Work request
Without including any images, please transcribe all the lines below exactly.

The data
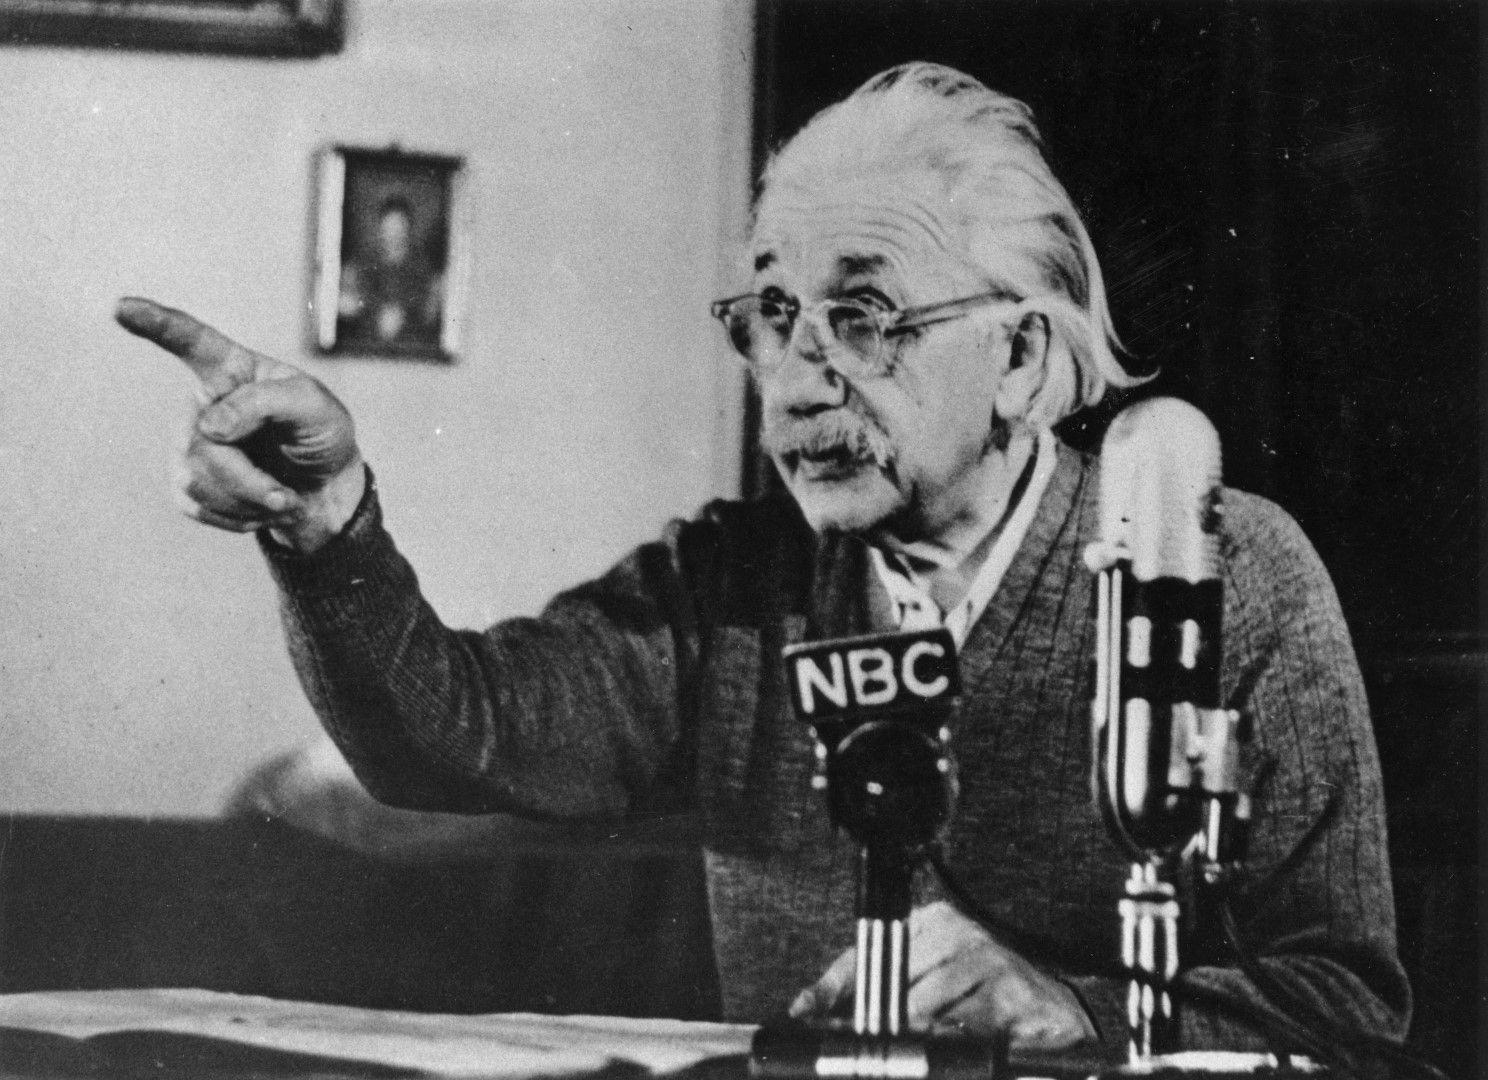 17 февруари 1950 г. Алберт Айнщайн говори публично в седмичното предаване на Елинор Рузвелт по NBC  и предупреждава за
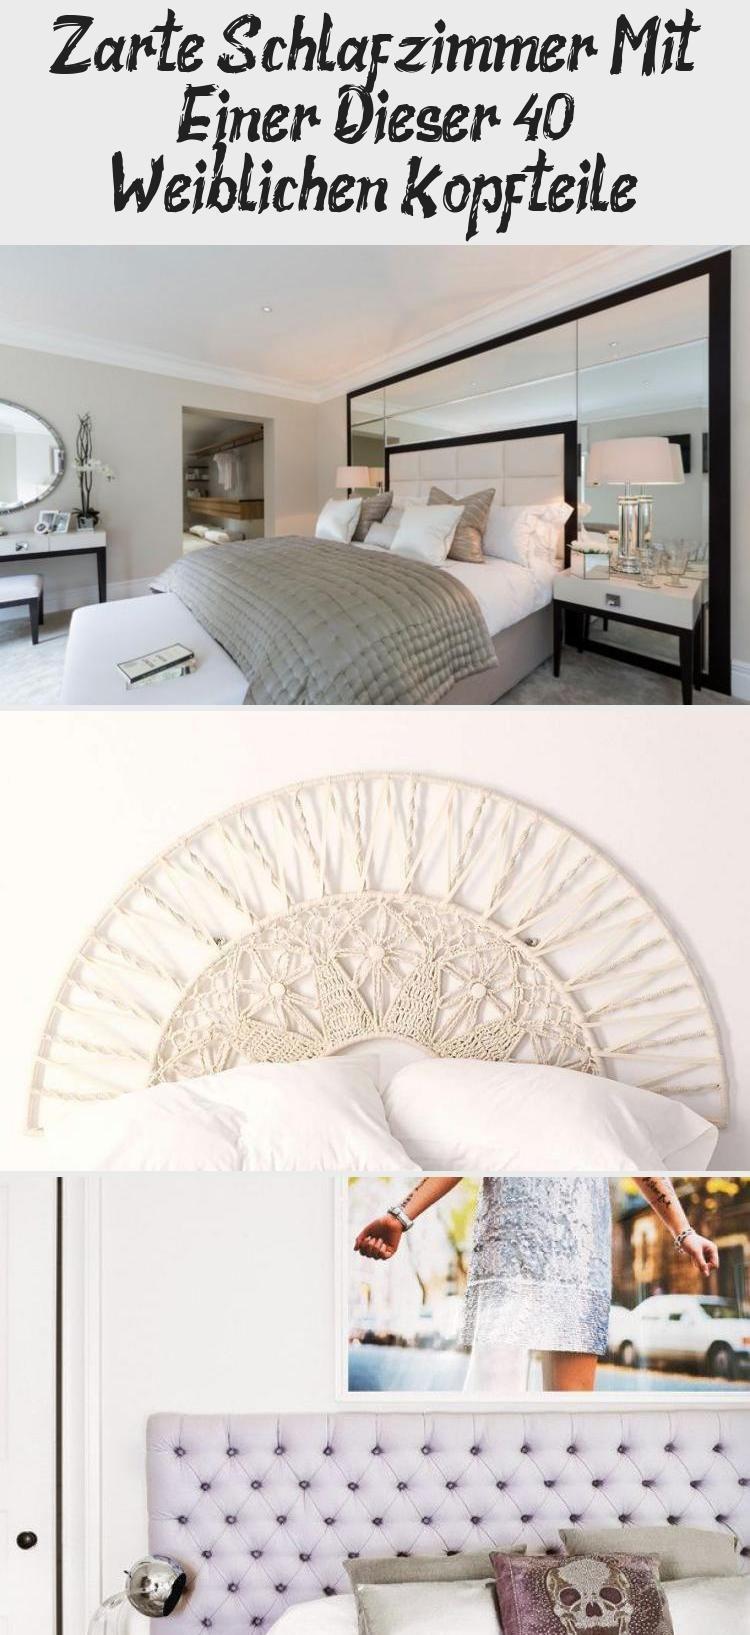 Zarte Schlafzimmer Mit Einer Dieser 40 Weiblichen Kopfteile
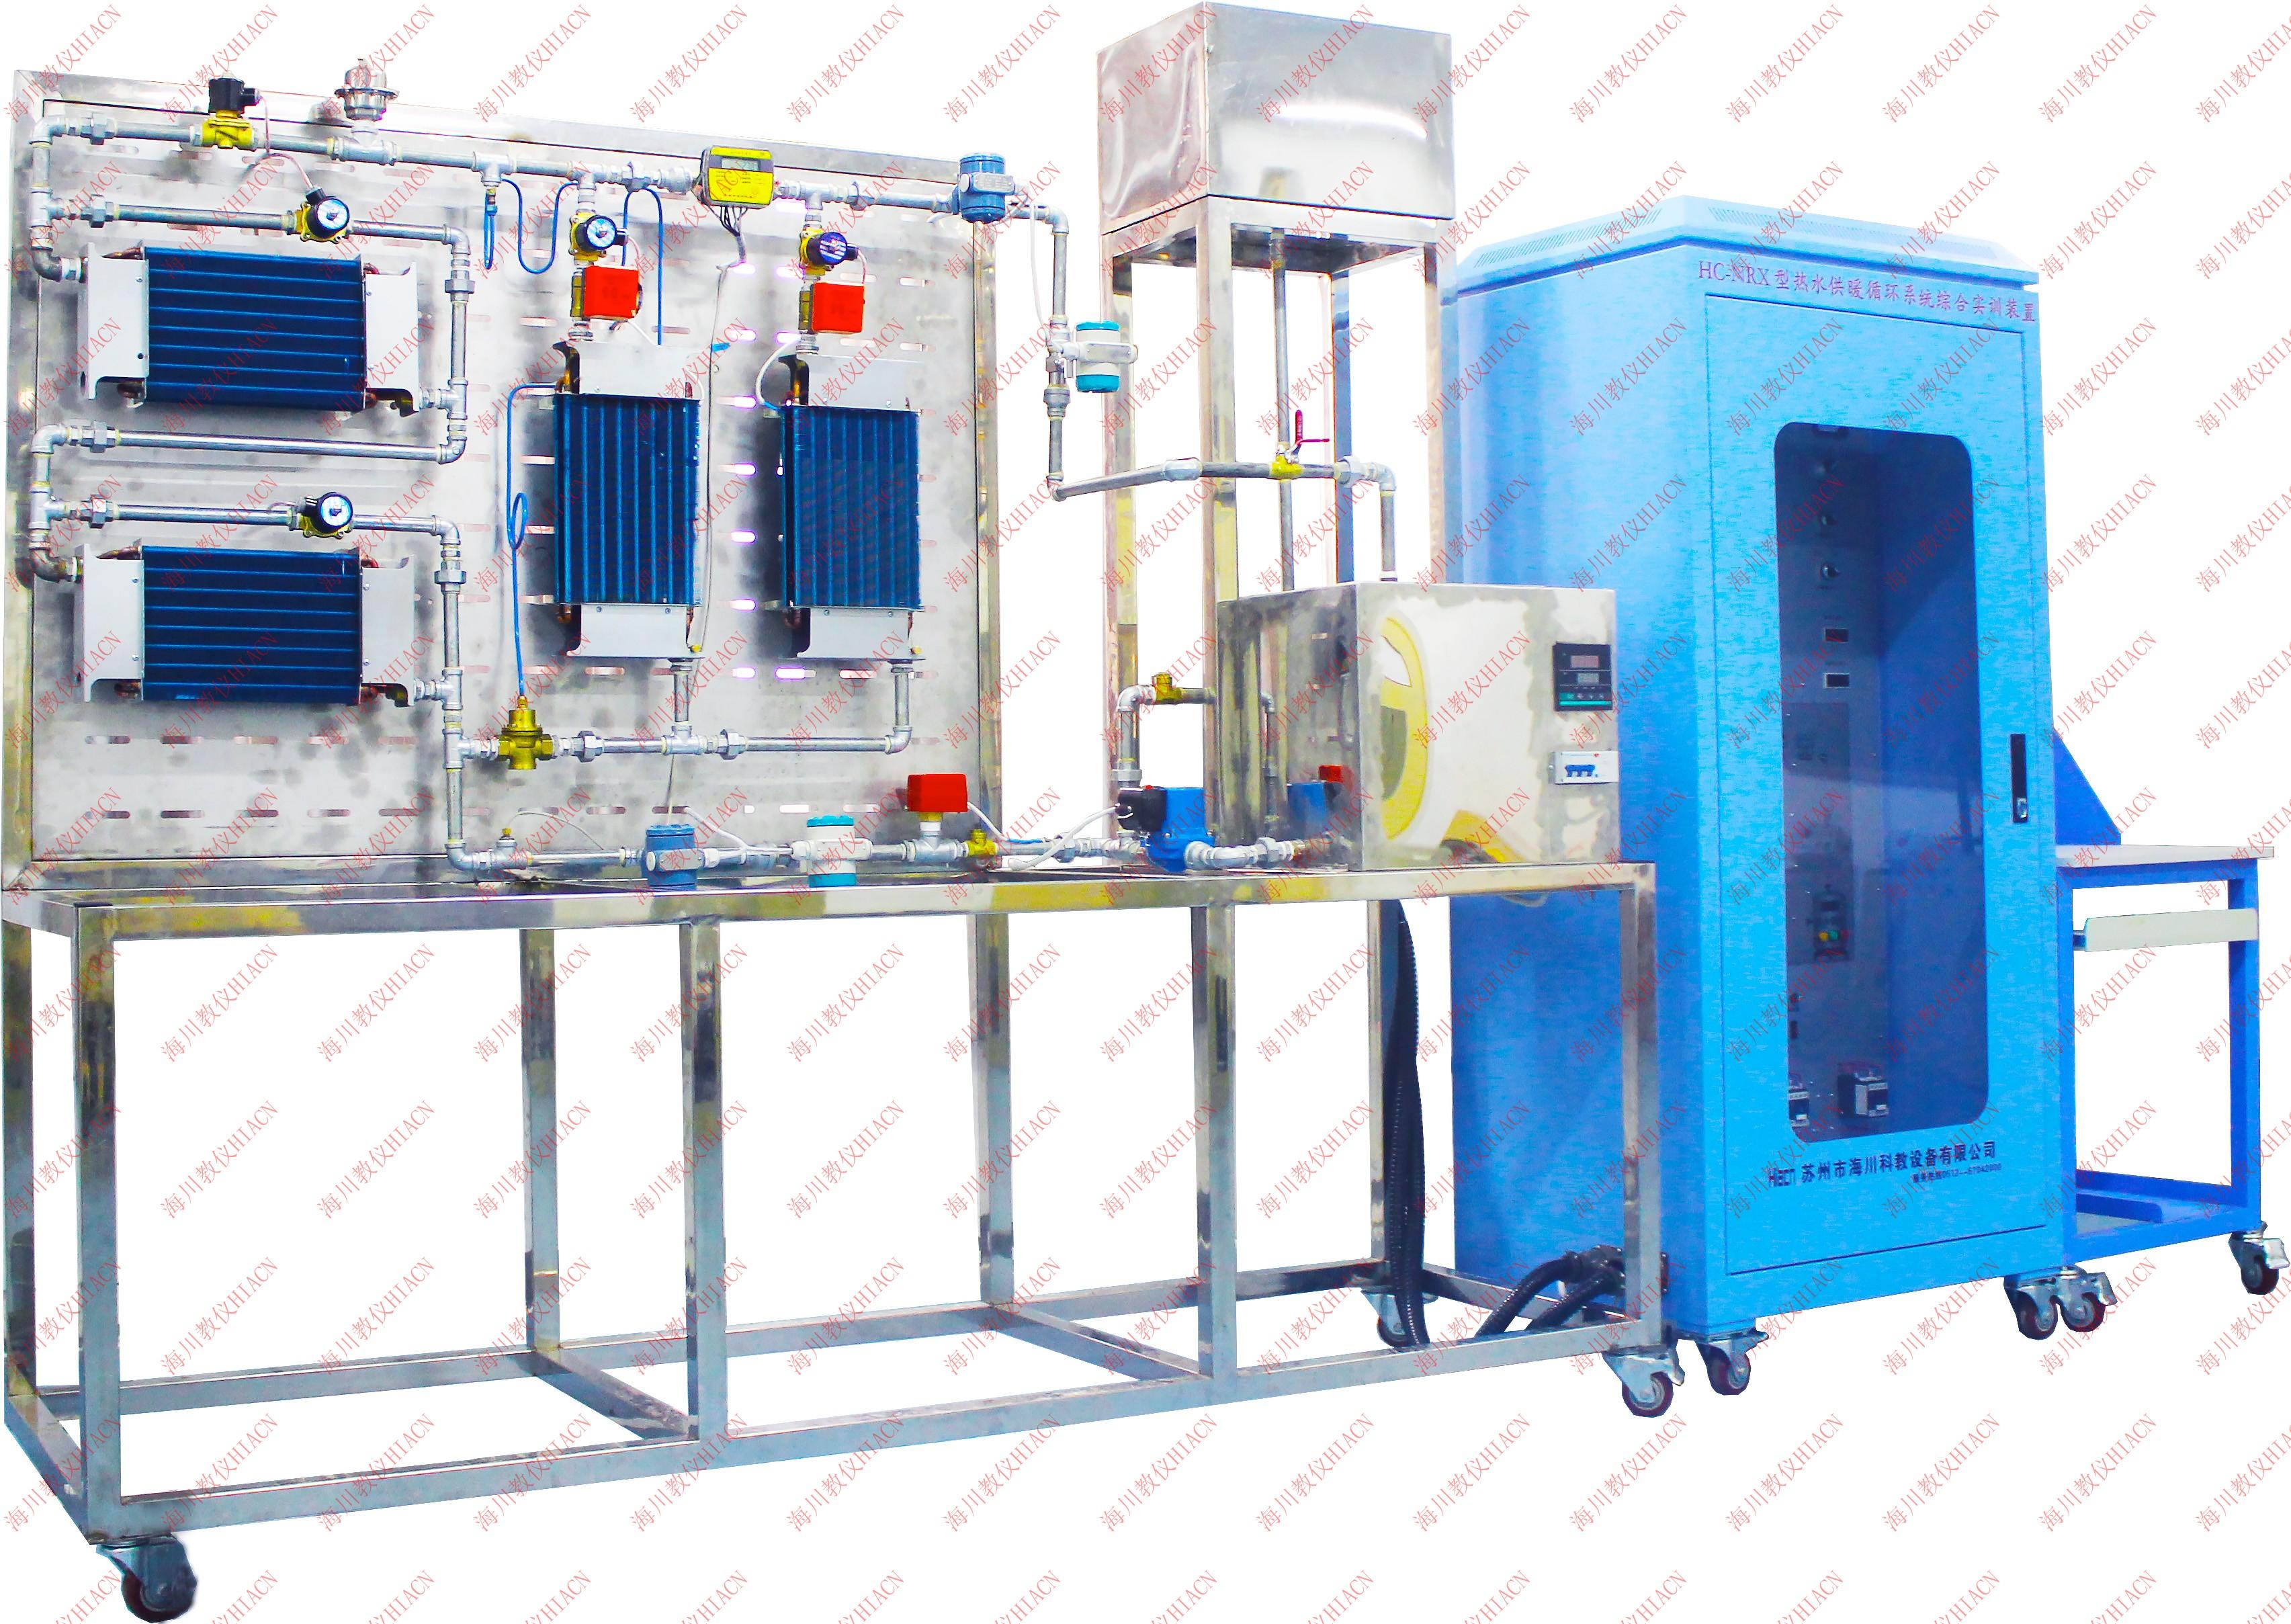 热水供暖循环系统综合实训装置产品图片

Output for this task
 17 февруари 1950 г. Алберт Айнщайн говори публично в седмичното предаване на Елинор Рузвелт по NBC  и предупреждава за
 Zarte Schlafzimmer Mit Einer Dieser 40 Weiblichen Kopfteile
 热水供暖循环系统综合实训装置产品图片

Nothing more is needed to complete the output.